While I will not say Frederick’s purpose was to question those laws, it doesn’t change the fact that limiting a student’s right to question our government, the authority under which they live as well that we aren’t sending an even more powerful message to students everywhere? That they don’t really have the freedoms our men and women in uniform are dying to protect? It’s a very very dangerous and unfortunate precedent set by this ruling.
Carrie, the article also made unmistakable that it was a school outing. Frederick’s behavior was inappropriate for a school outing and yes, school administrators get to control the behavior of their students on such outings.
So I suppose that now we have to interpret whether our speech is sending a powerful message that MIGHT be deemed inappropriate, even when we are in a public forum?
Yup.
Same as yelling “Fire” in a crowded theater.
Actually it isn’t the same at all, but if you want to think so feel free. Yelling fire is illegal because it can cause people to injure themselves in an attempt to escape a fire. It can also mean police and firemen are called. If there is a fire in a crowded theater, I think its perfectly acceptable to yell that there is a fire. The issue is lying and causing harm in doing so. Not at all the same.

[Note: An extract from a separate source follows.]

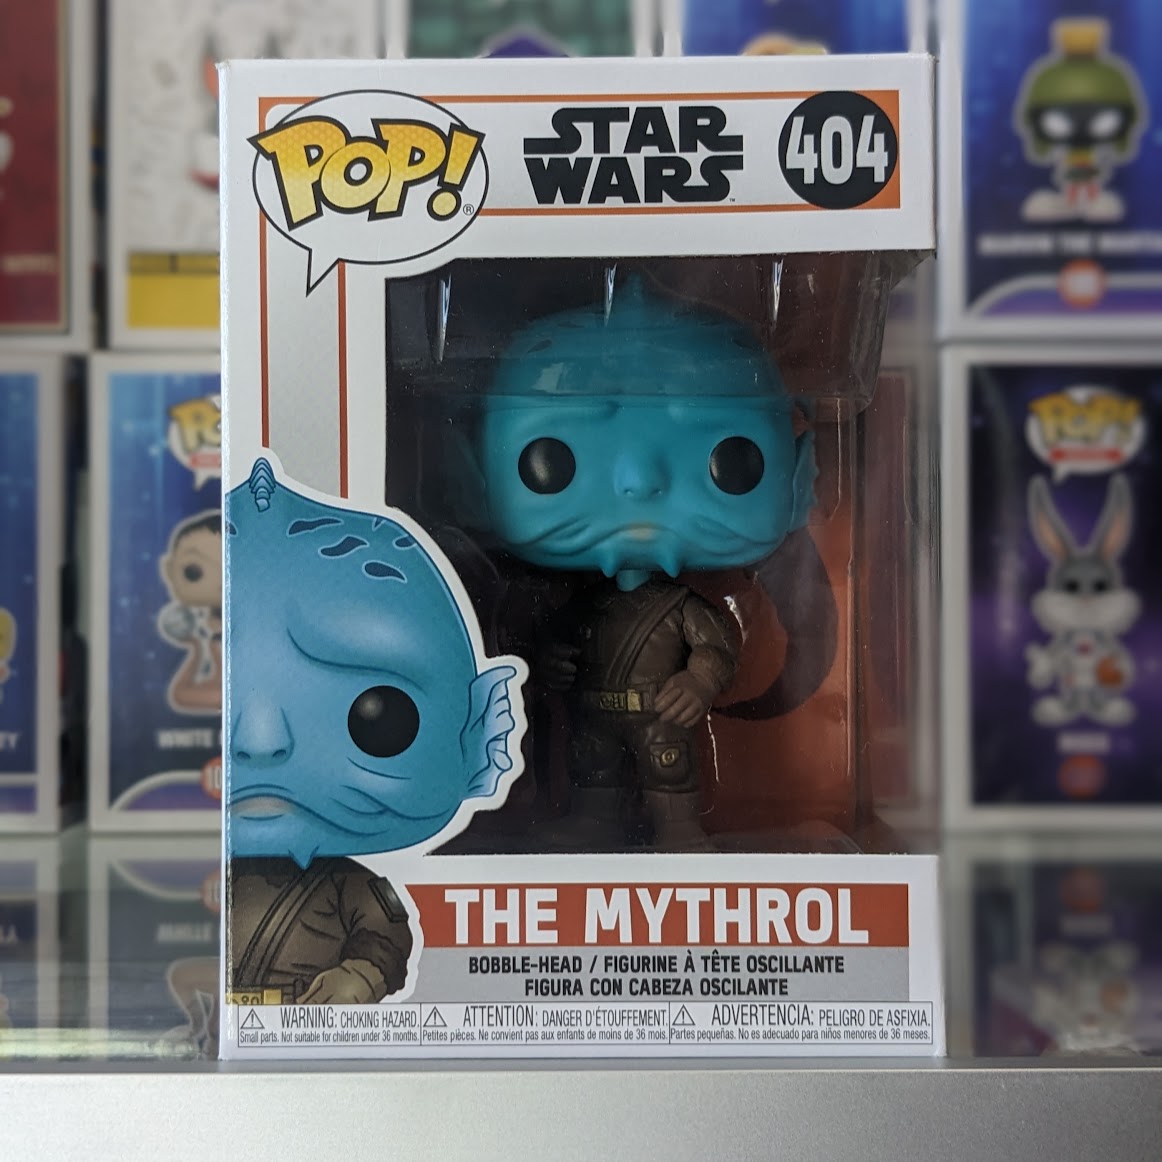 The Mythrol Star Wars #404 Pop!

And the fact it was an outing is moot as well. He was not on school grounds. Schools and administrators like to believe that they have authority over students outside of school but they do not. Nor was that the issue in this case, though it should have been. If he had not held up a sign but had said that he believed that marijuana use should be legal, should he have been suspended? Whether he did it because he knew the principal would find it inappropriate or because he honestly felt that way? The result would have been the same, it could have been interpreted by the principal as a statement that would support the use of drugs that are currently illegal. Right? If you think its okay to censor such things, then you clearly have issues. That student has as much a right to voice an opinion on that issue as you or me or any American. If we cannot in our own PUBLIC schools teach students the value of having an opinion and the understanding they have a right to exert their freedom of speech in whatever manner that is legal, then it’s a sad time for all Americans.

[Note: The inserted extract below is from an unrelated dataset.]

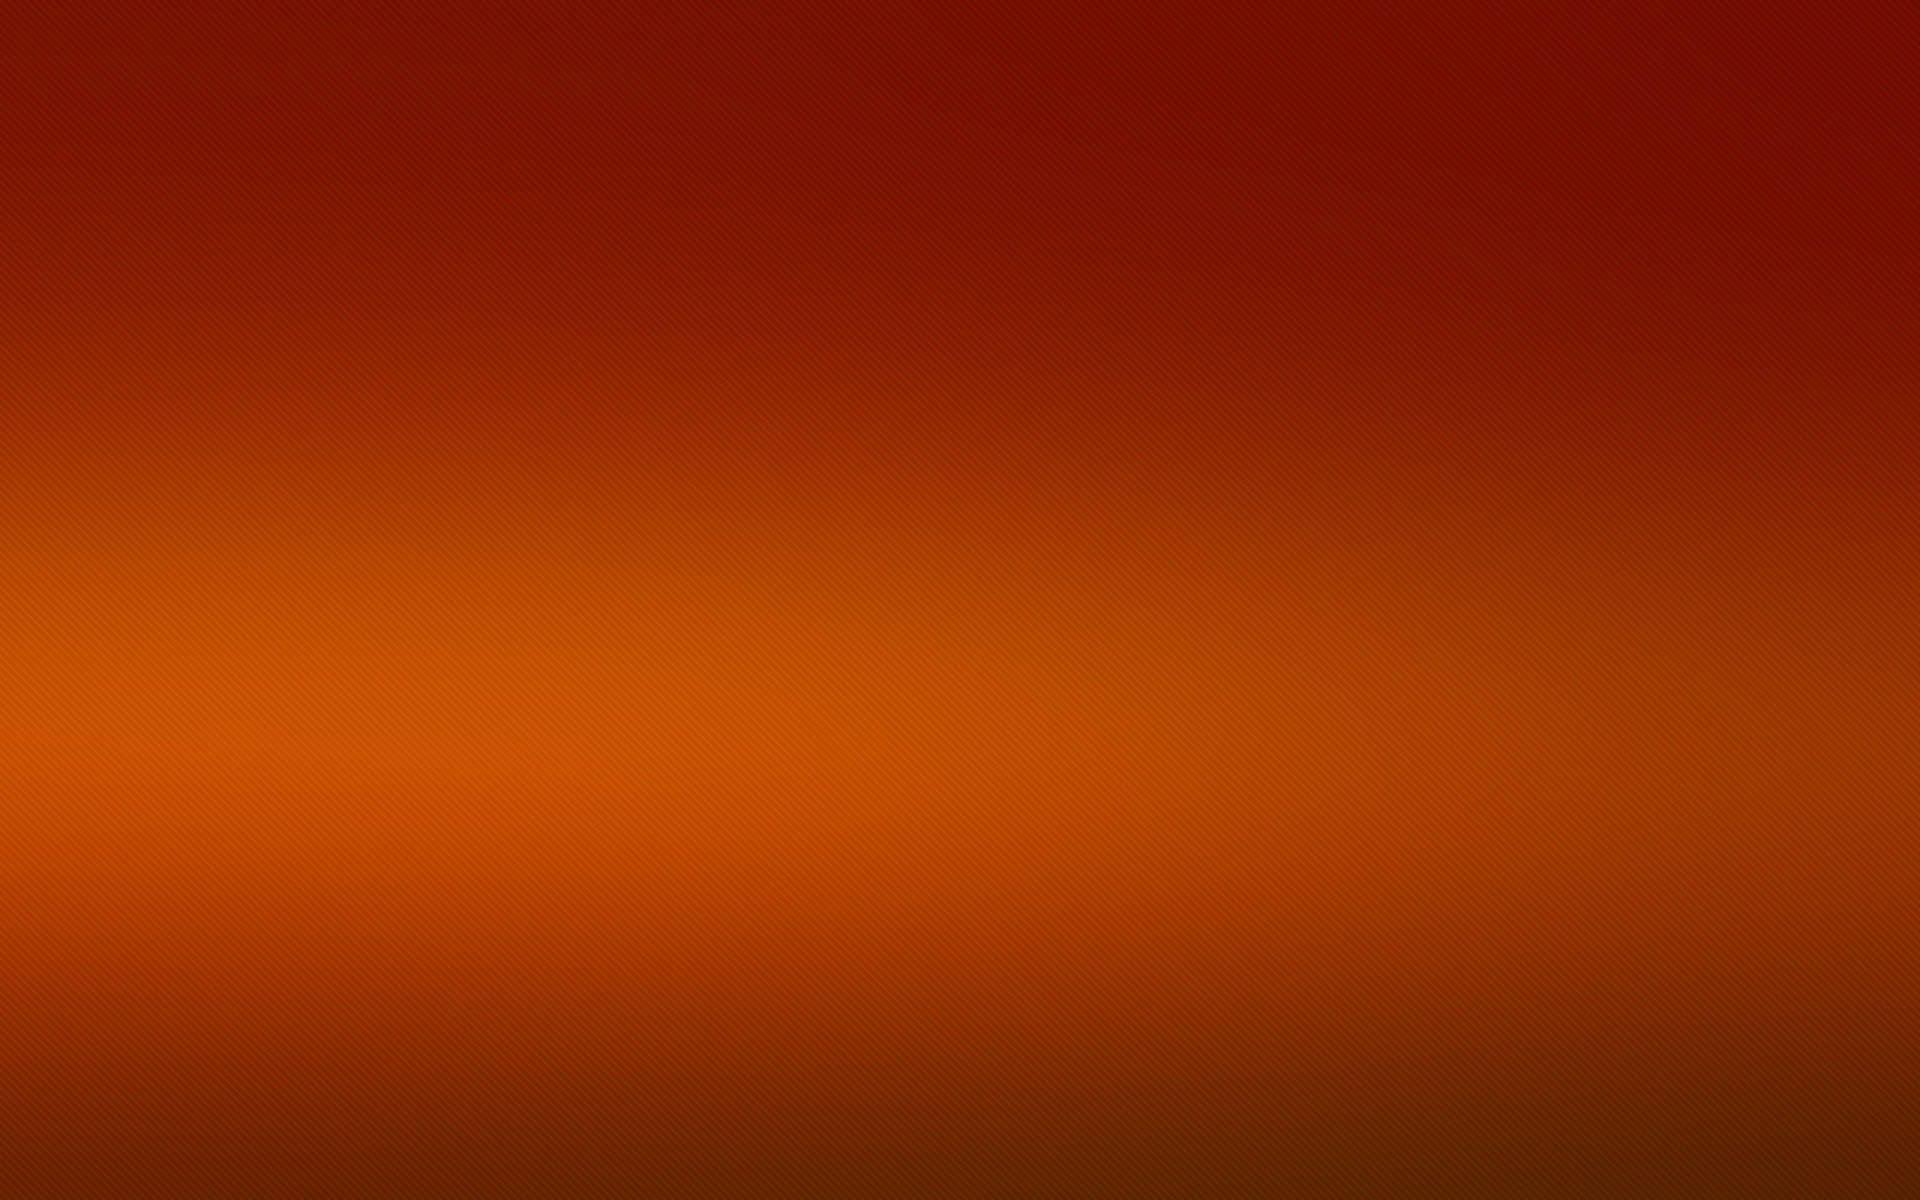 solid dark orange background

Carrie, may I remind you of your previous argument?
So I suppose that now we have to interpret whether our speech is sending a powerful message that MIGHT be deemed inappropriate, even when we are in a public forum?

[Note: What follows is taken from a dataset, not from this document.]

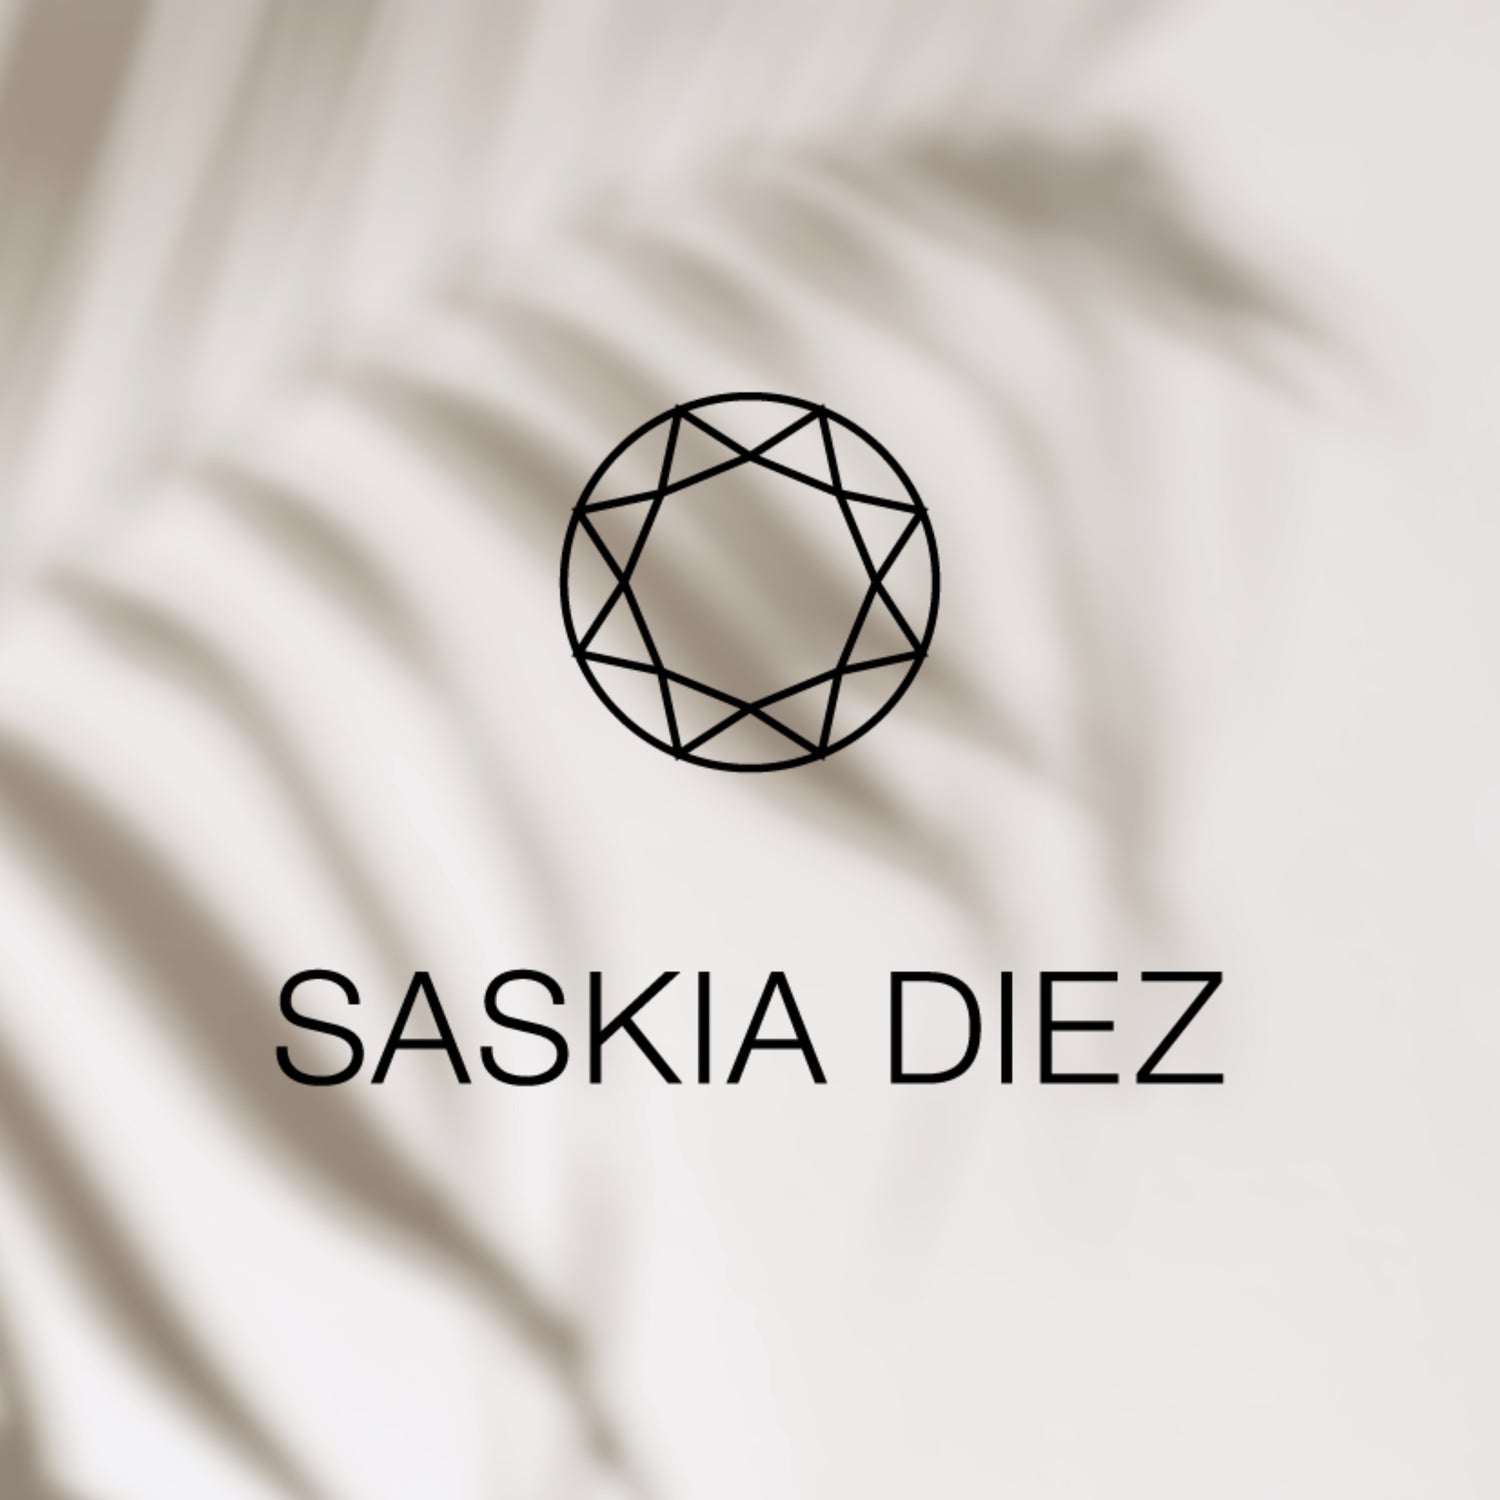 Saskia Diez

That implies there should be NO restriction on speech in a public forum because it might be deemed inappropriate.
Yet here you are arguing that yelling “Fire” in a crowded theater is inappropriate and should be punished.
The student was let out of class to attend the event and was under the supervision of teachers. Your argument that he was not on “school grounds” means that teachers and administrators would have absolutely zero authority on field trips or other such situations in which the student is under teacher or administrator supervision, but is not on the school grounds.
Finally, though, we get somewhere.
If he had not held up a sign but had said that he believed that marijuana use should be legal, should he have been suspended?
Probably not.
Discussing whether or not a drug should be legalized is not an automatic encouragement of its use. But what this student did wasn’t anywhere close to that.